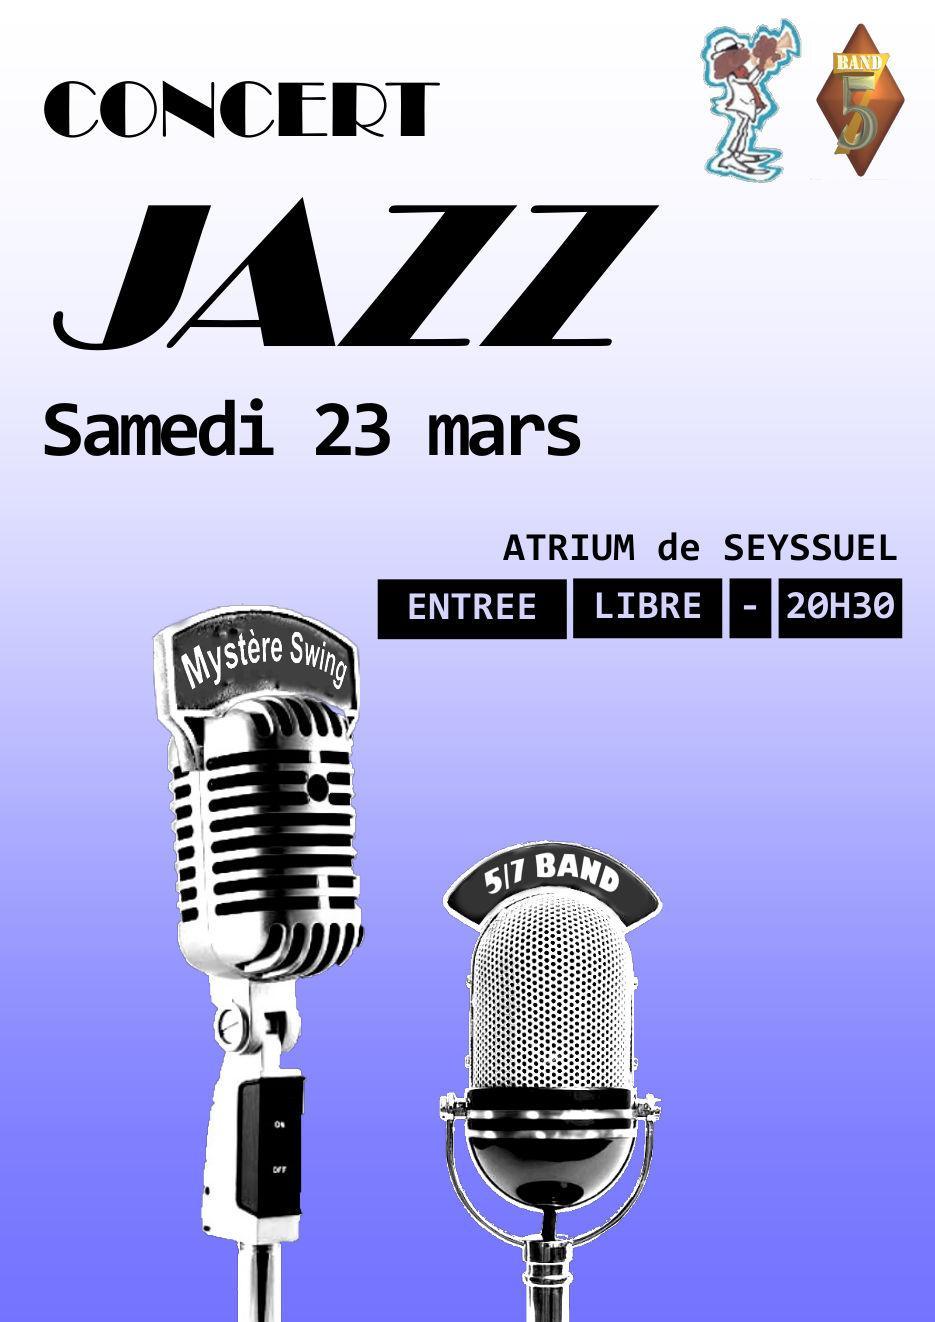 Concert 5/7 Band Seyssuel 23 mars 2019
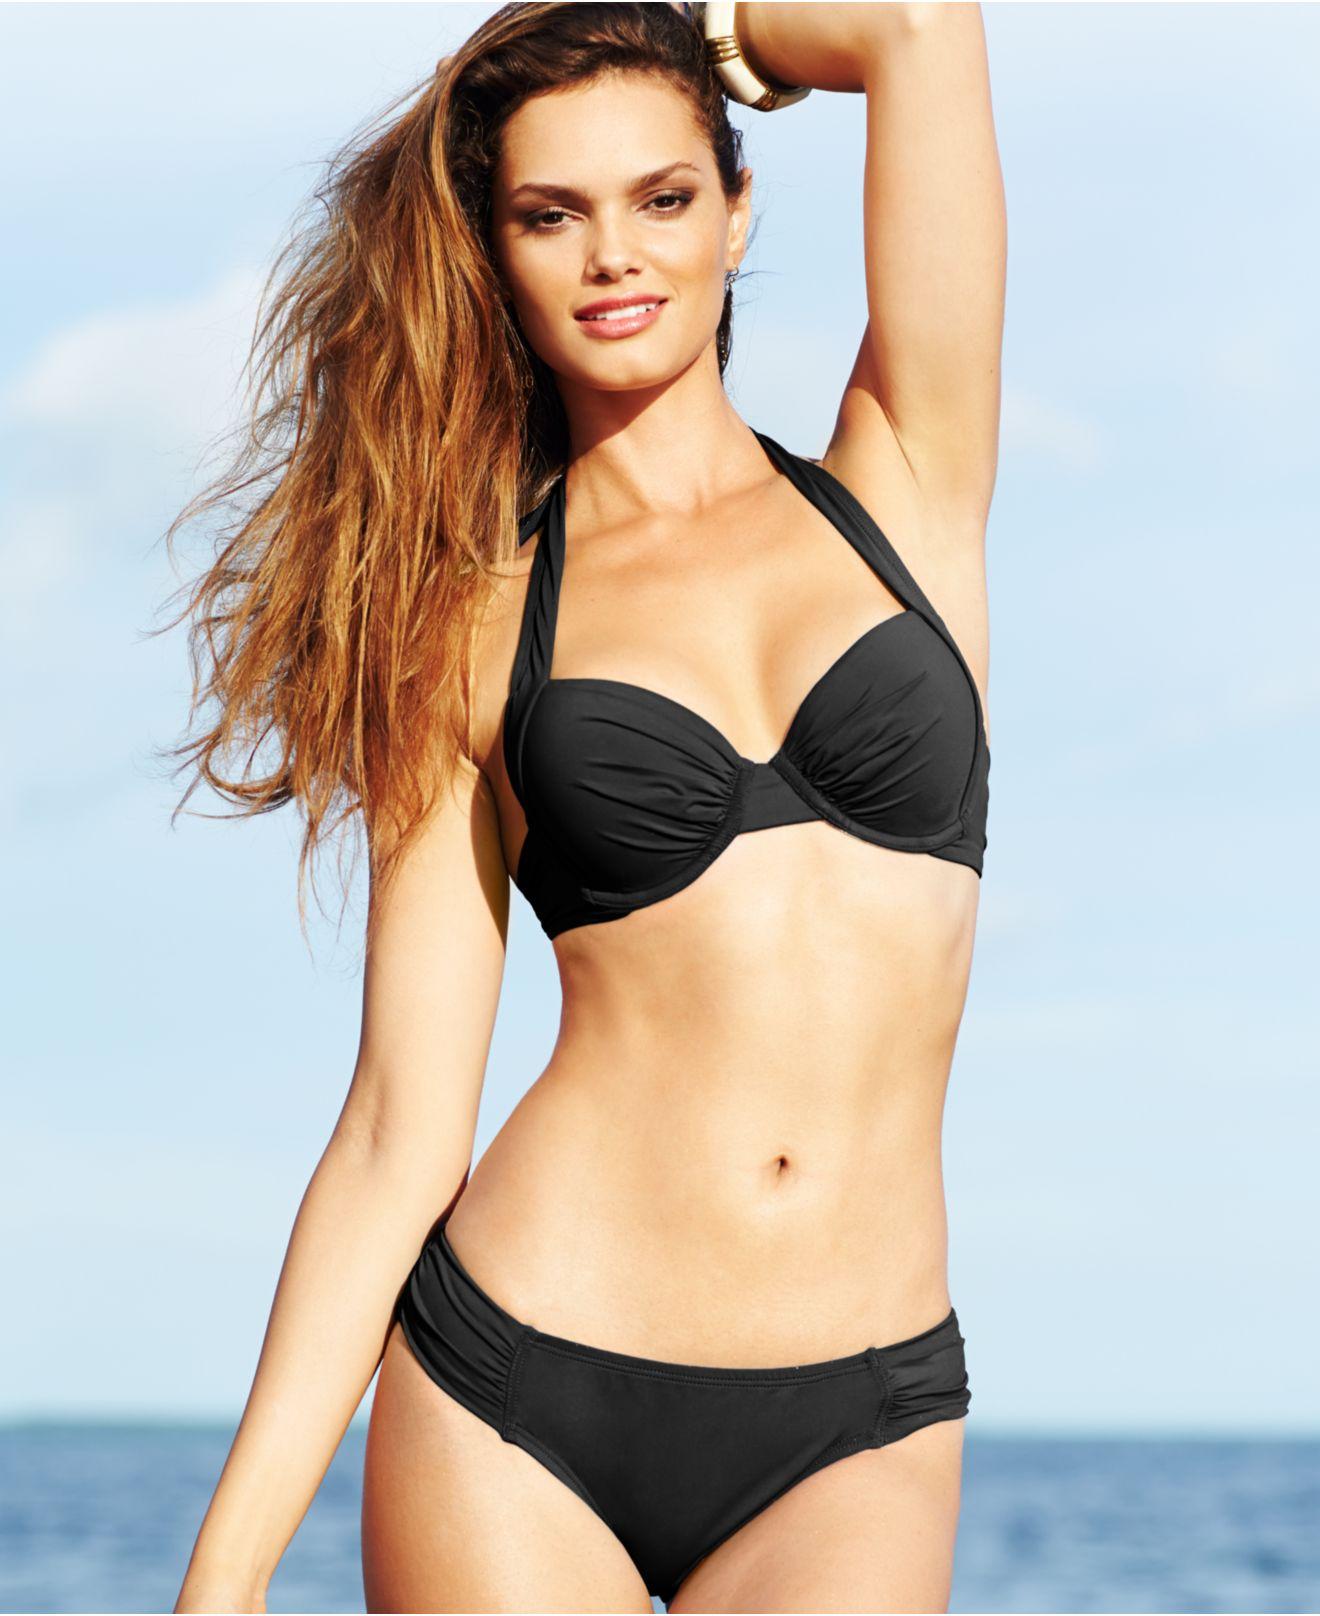 fc6c97f282f5a Tommy Bahama Bra-sized Underwire Halter Bikini Top in Black - Lyst
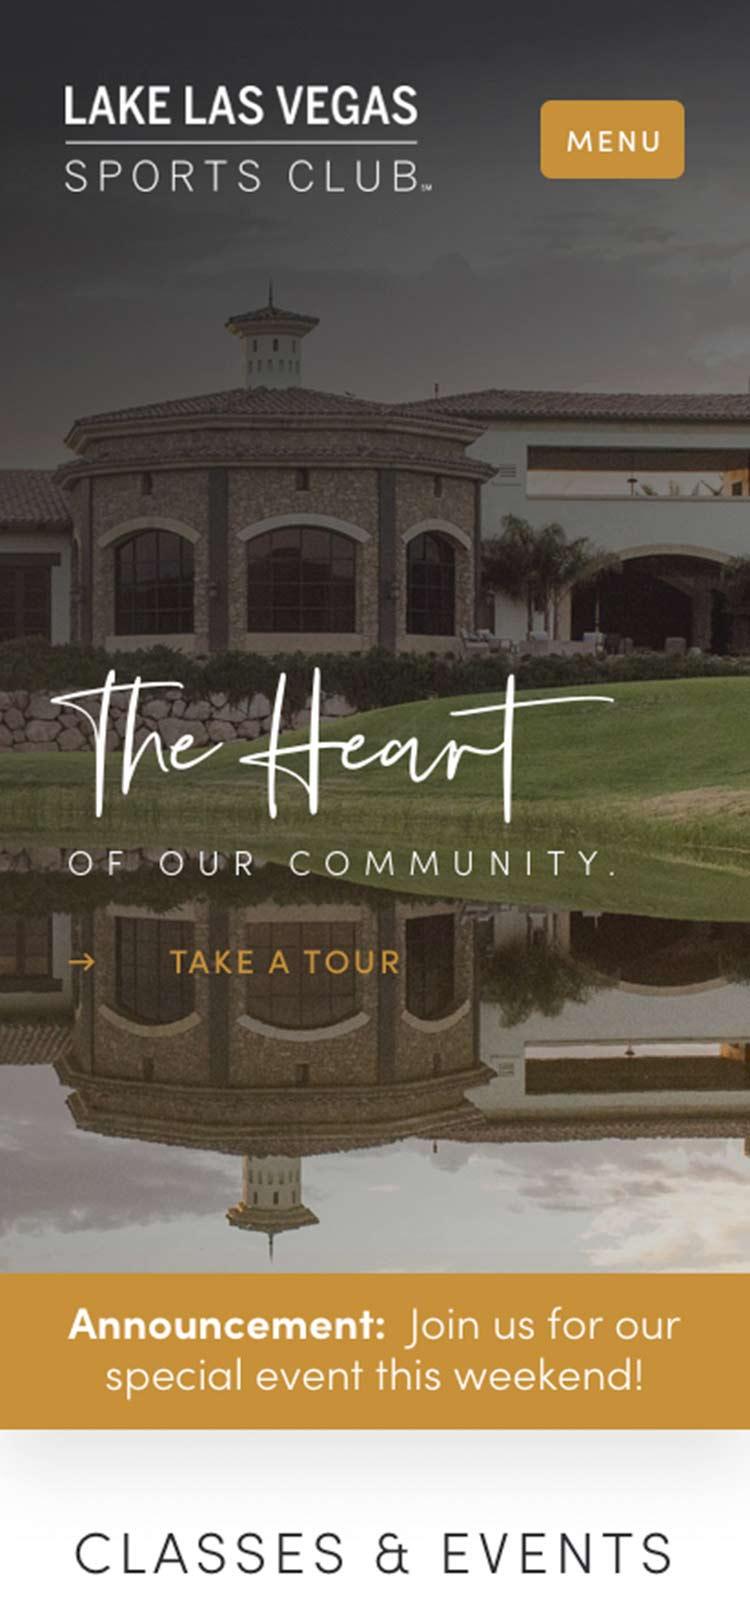 Lake Las Vegas Sports Club mobile website design.

Try it – Repeat the material exactly, without images.

Response to the exercise –
 Concert 5/7 Band Seyssuel 23 mars 2019
 fc6c97f282f5a Tommy Bahama Bra-sized Underwire Halter Bikini Top in Black - Lyst
 Lake Las Vegas Sports Club mobile website design.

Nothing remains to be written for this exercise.